DiscoFuse: A Large-Scale Dataset for Discourse-Based Sentence Fusion
This provides a resource for training neural models in discourse-based sentence fusion, addressing a bottleneck in natural language processing, though it is incremental as it builds on existing datasets and methods.
The authors tackled the problem of limited training data for sentence fusion by automatically generating DiscoFuse, a large-scale dataset with 60 million examples from Wikipedia and Sports articles, and showed that pretraining on it substantially improves performance on the WebSplit simplification task.
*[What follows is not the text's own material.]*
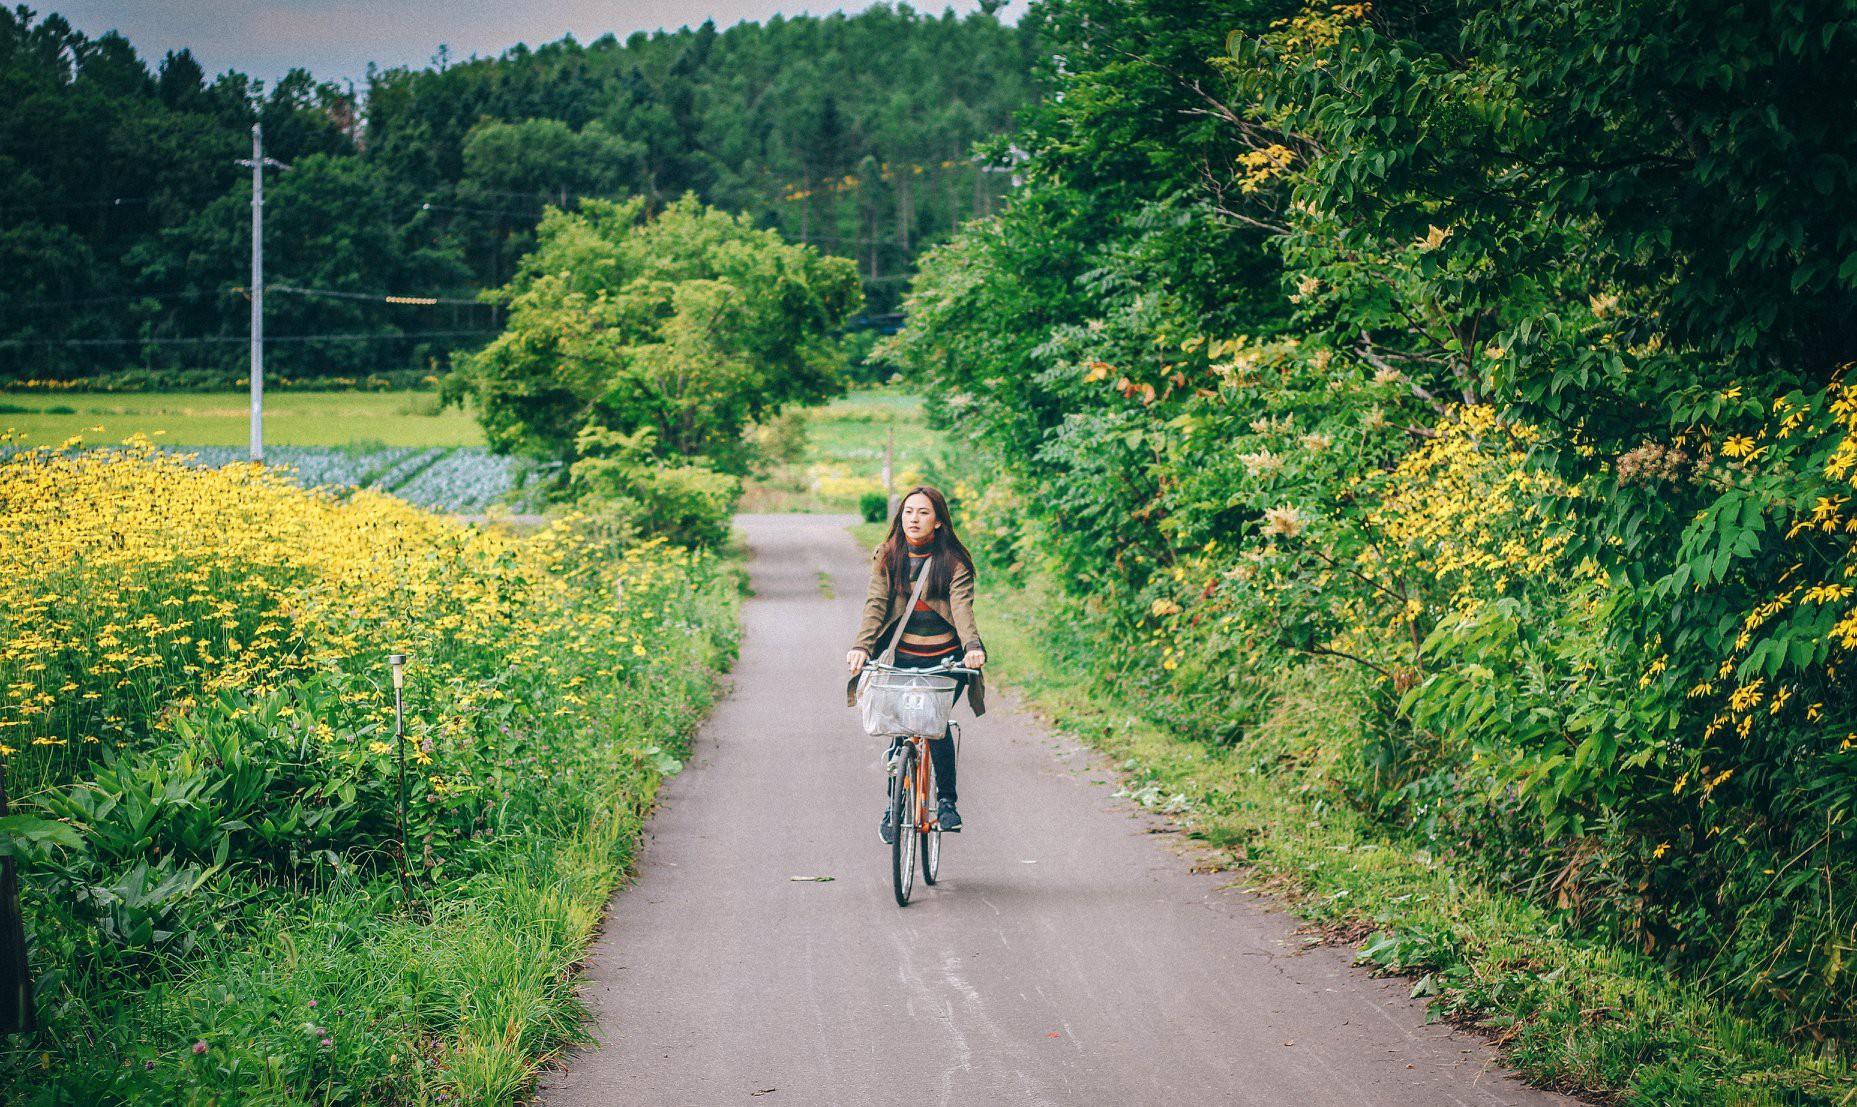 Được quay ở thị trấn nhiếp ảnh nên đừng hỏi vì sao Nhật Bản trong Nhắm mắt thấy mùa hè lại đẹp ngẩn ngơ đến thế - Ảnh 5.

Sentence fusion is the task of joining several independent sentences into a single coherent text. Current datasets for sentence fusion are small and insufficient for training modern neural models. In this paper, we propose a method for automatically-generating fusion examples from raw text and present DiscoFuse, a large scale dataset for discourse-based sentence fusion. We author a set of rules for identifying a diverse set of discourse phenomena in raw text, and decomposing the text into two independent sentences. We apply our approach on two document collections: Wikipedia and Sports articles, yielding 60 million fusion examples annotated with discourse information required to reconstruct the fused text. We develop a sequence-to-sequence model on DiscoFuse and thoroughly analyze its strengths and weaknesses with respect to the various discourse phenomena, using both automatic as well as human evaluation. Finally, we conduct transfer learning experiments with WebSplit, a recent dataset for text simplification. We show that pretraining on DiscoFuse substantially improves performance on WebSplit when viewed as a sentence fusion task.